Зайончковская: Понимаете, я не буду спорить с вами, относительно того, 15 или 20 миллионов нам нужно для того, чтобы перекачивать нефть. Для этого много не нужно. Но что нам показал тот опыт, который мы пережили. Может быть, кто-то из вас сталкивался с прогнозами иммиграционного вала из бывшего СССР, который ожидался в результате распада Союза. Серьезные прогнозы на Западе доходили до 20 миллионов иммигрантов из бывшего СССР, которые хлынут на Запад, как после югославских событий. Действительно, в то время было легко переселиться: не было Шенгенской зоны, достаточно легко можно было сработать под политического беженца, можно было даже и без этого, особенно со странами Восточной Европы, границы которых в течение многих лет после распада Союза были открыты. Но что показало наше население? Что оно хочет мучаться, но на своей земле. Я помню, на конференции в Амстердаме в 1993 году я сказала: “Не надо думать, что из России хлынут эмигранты. Пройдет год-два, и Россия станет страной иммиграции”. И мне сказали: “Вы делаете смелое заявление”, — потому что они все были единодушны, что их ждет иммиграционный вал из стран бывшего СССР. И не было этого вала. Не было.

Официально, из России с 1992-го, и даже с момента, когда Горбачев немножко приоткрыл шлюзы, то есть с 1987 года, официально уехало в эмиграцию меньше, чем 1,5 миллиона человек, будем считать, что еще столько же неофициально. Но ведь это же за 15 лет! Даже больше. Что там получается в расчете на один год?.. А они ожидали, что в течение 3—4 лет будет идти эта волна, и были в жутком ужасе.

Но люди решили жить здесь. Даже интеллигенты, даже образованные люди не хлынули туда. А чтобы жить здесь, недостаточно перекачивать нефть, надо что-то производить.
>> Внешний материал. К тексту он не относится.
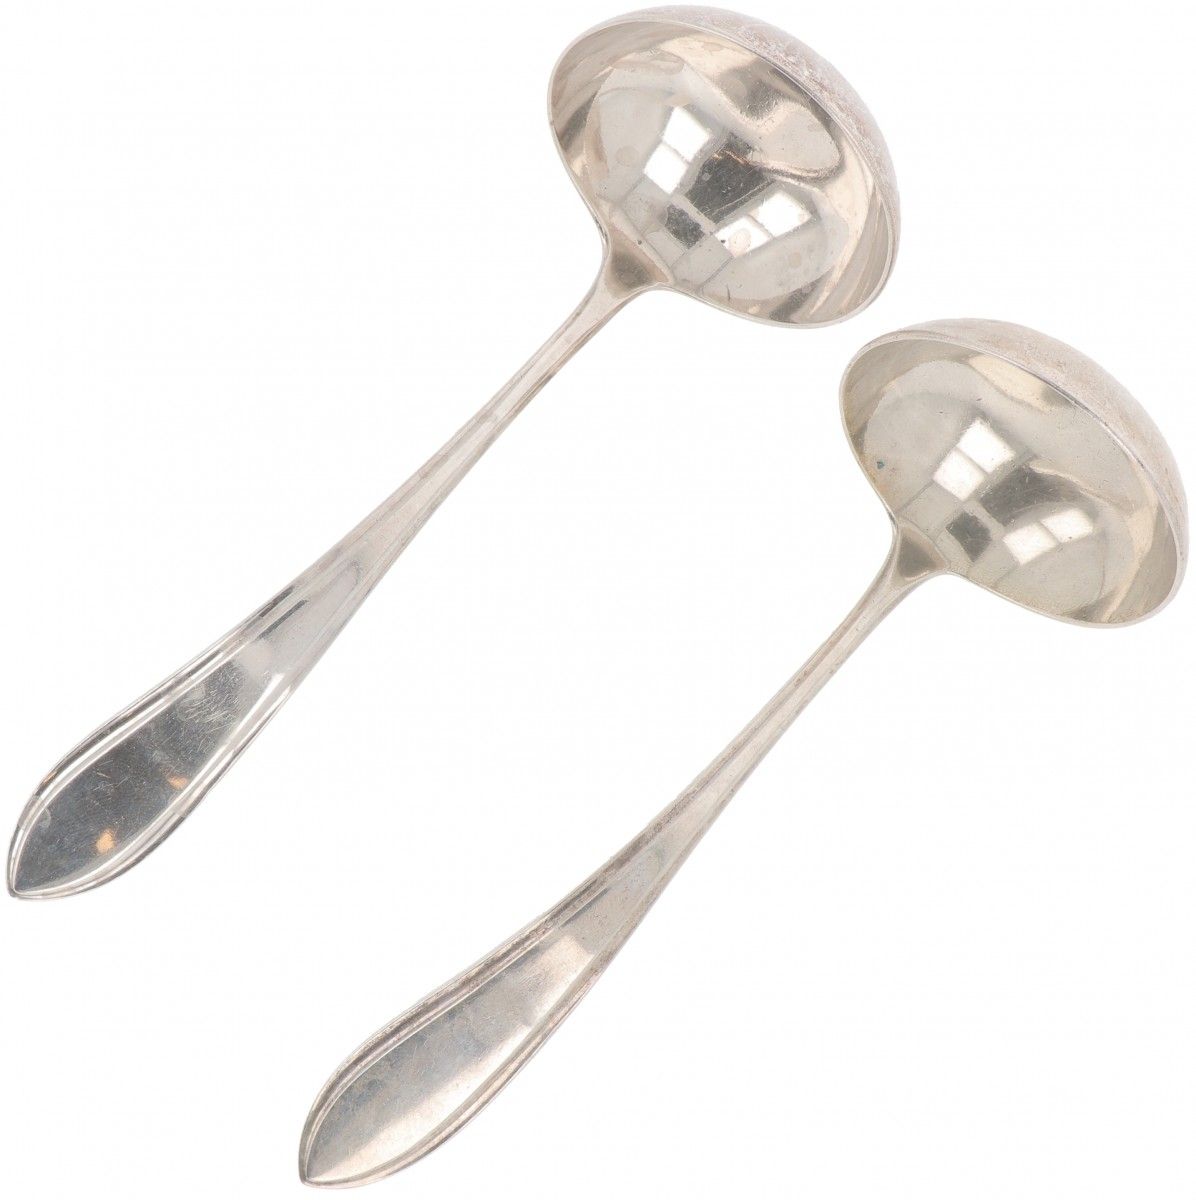 (2) piece set of sauce spoons "Dutch point fillet" silver. "Filete de punta hola&hellip;

Еще один контраргумент, который очень серьезен, в отличие от тех, что я приводила раньше. Говорят, что нам надо переструктурировать экономику, что у нас вечно упор на промышленность, а в странах Запада занятость перераспределяется в сферу услуг, в туризм — в сферы, которые обслуживают население, а занятость в промышленности падает. Правильно, падает. Но надо посмотреть, с каких пор это началось, какой тогда была структура занятости в этих странах и почему эта тенденция стала в конце концов преобладающей. Спад занятости в промышленности, например, во Франции и ФРГ начался с того уровня, когда там была занята почти половина работников. СССР к этому даже не приблизился. В СССР в промышленности был занят каждый третий. И только в Свердловской области, в Донбассе на производстве было занято где-то 40%. Уровень ФРГ и Франции где-то в середине 60-х годов был 46—48%. Но потом начался первый после Второй мировой войны очень сильный провал в приросте рабочей силы. Не было убыли, какая ожидает нас сейчас, но было сокращение в 2 раза количества людей, которые вступали в трудоспособный возраст. Это было следствием Второй мировой войны. И все страны, которые понесли большие потери, испытали этот спад. В наибольшей степени этому были подвержены Германия, Польша и СССР.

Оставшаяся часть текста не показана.